Four Russian nationals and a Ukrainian have been charged with running a massive scheme that involved hacking more than 160 million credit and debit cards from 2005 to 2012 according to CNN.
According to the report, the five men hacked into computer networks of more than a dozen major American and international companies, such as J.C. Penny, Wet Seal, 7-Eleven, Nasdaq, Dow Jones, and JetBlue.
Live 5 News reported that the hackers took user names and passwords, means of identification, credit and debit card number and other corresponding personal identification information of cardholders.
New Jersey U.S. Attorney Paul Fishman stated the following:
“Those who have the expertise and the inclination to break into our computer networks threaten our economic well-being, our privacy, and our national security.”
According to reports, each of the five men had very specific roles they played in this hacking scheme.
“Vladimir Drinkman and Alexandr Kalinin gained access to the companies’ systems, while Roman Kotov mined the networks for valuable data.
“The hackers used anonymous web-hosting services provided by Mikhail Rytikov to hide their identities. Dmitriy Smilianets was responsible for selling the stolen data and divvying up the proceeds among the five men.”

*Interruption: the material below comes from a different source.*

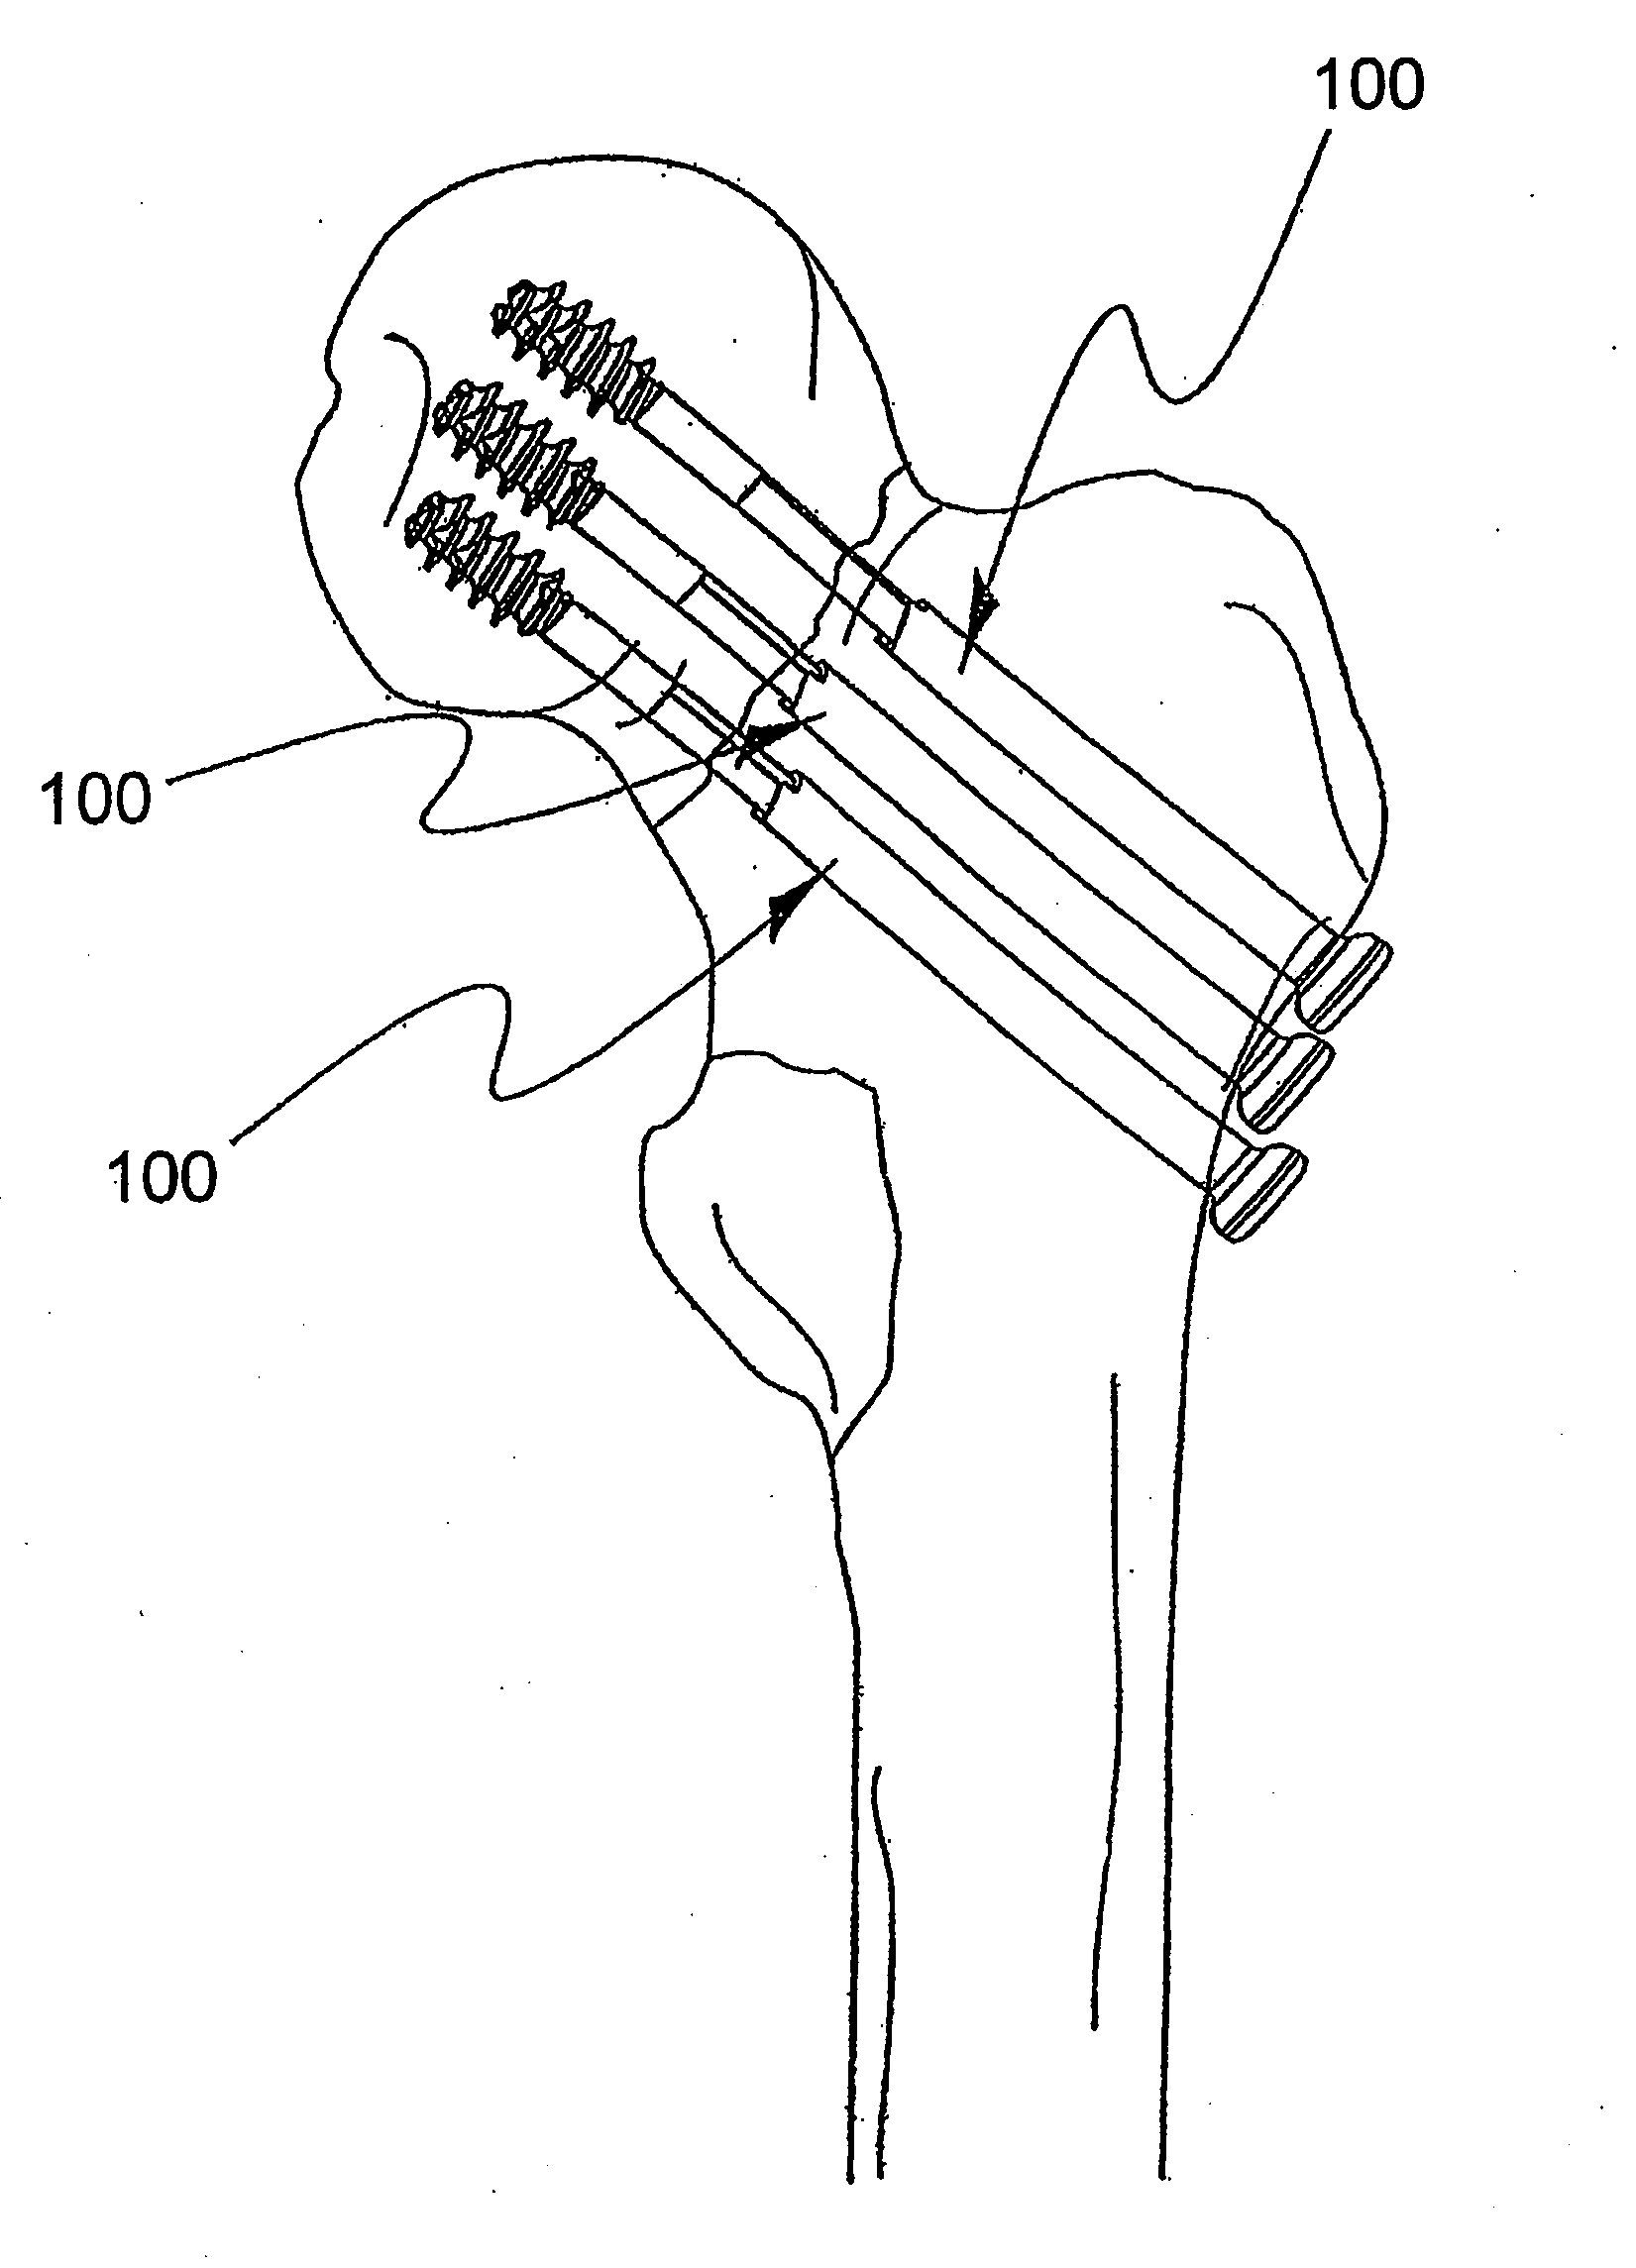 Stabilization system and method for the fixation of bone fractures

According to the CNN report,
“The U.S. Attorney’s Office for the Southern District of New York on Thursday announced two additional indictments against Kalinin for hacking servers used by the financial securities market Nasdaq and an international scheme to steal bank account information by hacking U.S.-based financial institutions.”

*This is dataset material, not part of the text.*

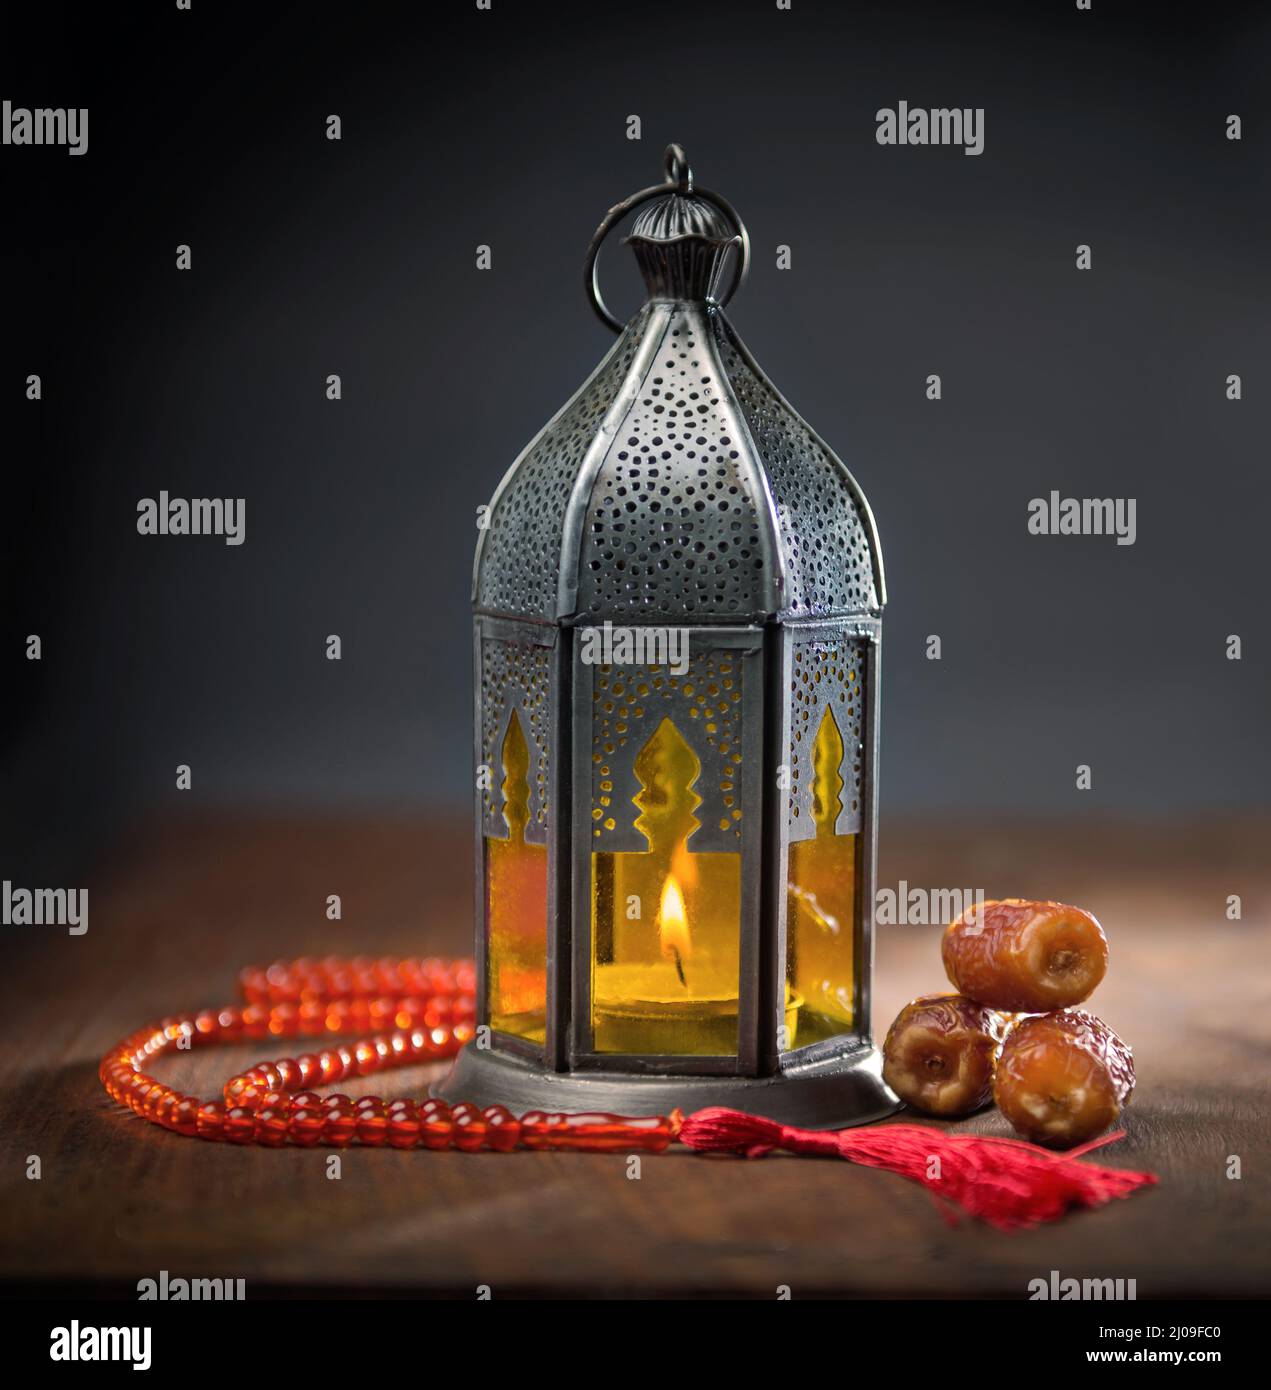 https://c8.alamy.com/comp/2J09FC0/ramadan-lantern-dates-and-rosary-still-life-traditional-egyptian-ramadan-lamp-with-dates-islamic-religious-objects-and-background-2J09FC0.jpg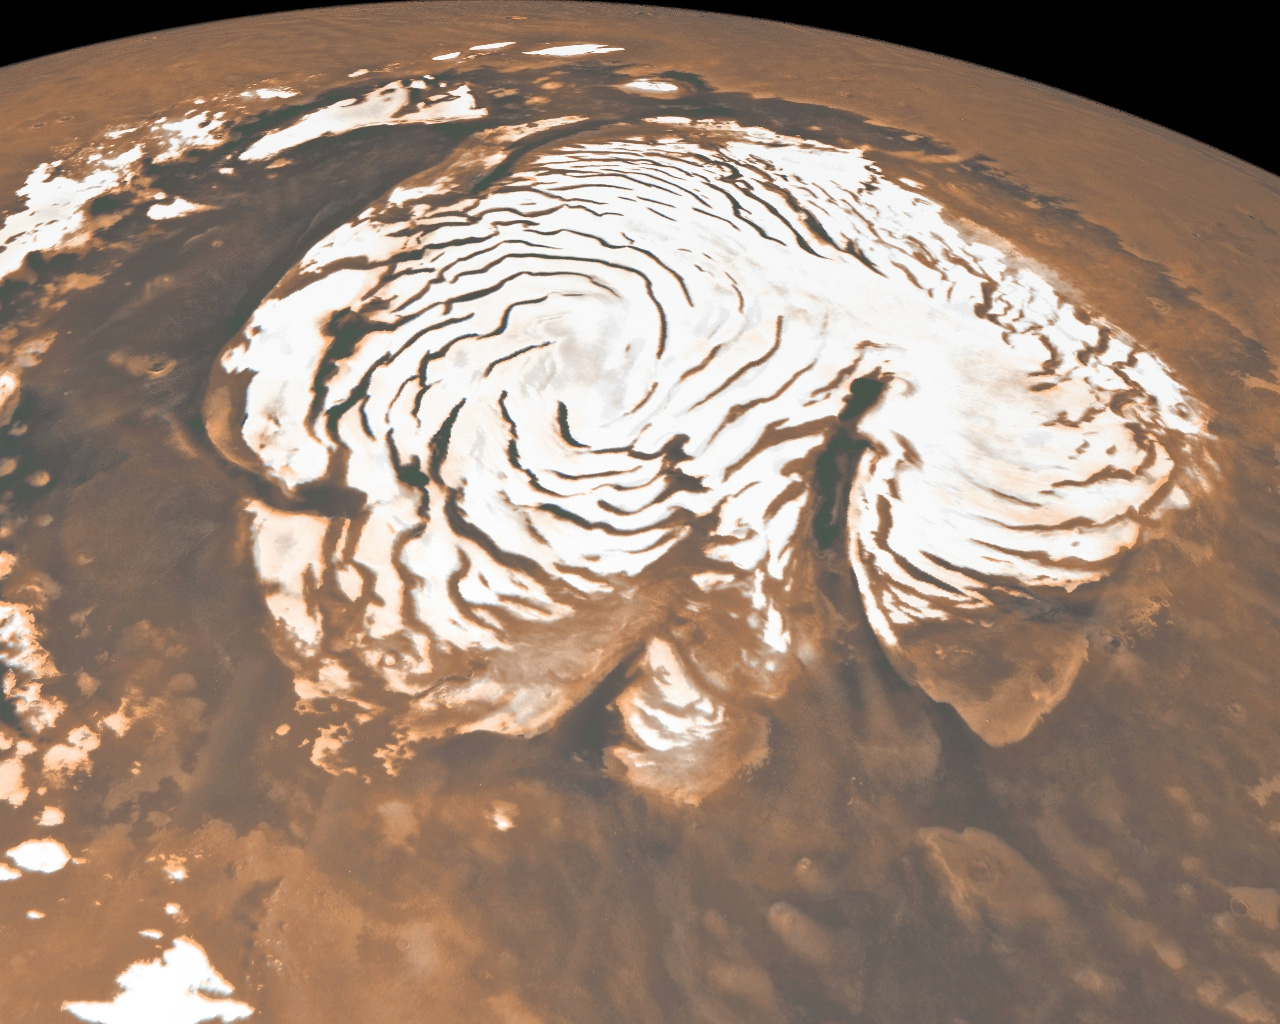 but a new discovery of water near the equator could affect future human missions to the Red Planet.

The Inquisitr recent reported on Three Purdue University engineering students – Roy Chaoran Sun, Sujay Sharma, and Mitsutoshi Shirasaki – are facing felony charges stemming from a hacking scheme meant to boost their grade point average.
According to CNN, law enforcement officials obtained instant message conversations that revealed the defendants often targeted the companies for many months, “waiting patiently as their efforts to bypass security were underway,” the New Jersey U.S. Attorney’s office said.
The men implanted malware software on companies’ servers for more than a year.
Once they were in, the five would sell each stolen American credit card numbers for $10, Canadian cards for $15 and European cards for $50.
Reports say that the hacking scheme allegedly defrauded other companies, including Hannaford, Heartland, Commidea, Dexia, Euronet, Global Payment, Diners and Ingenicard.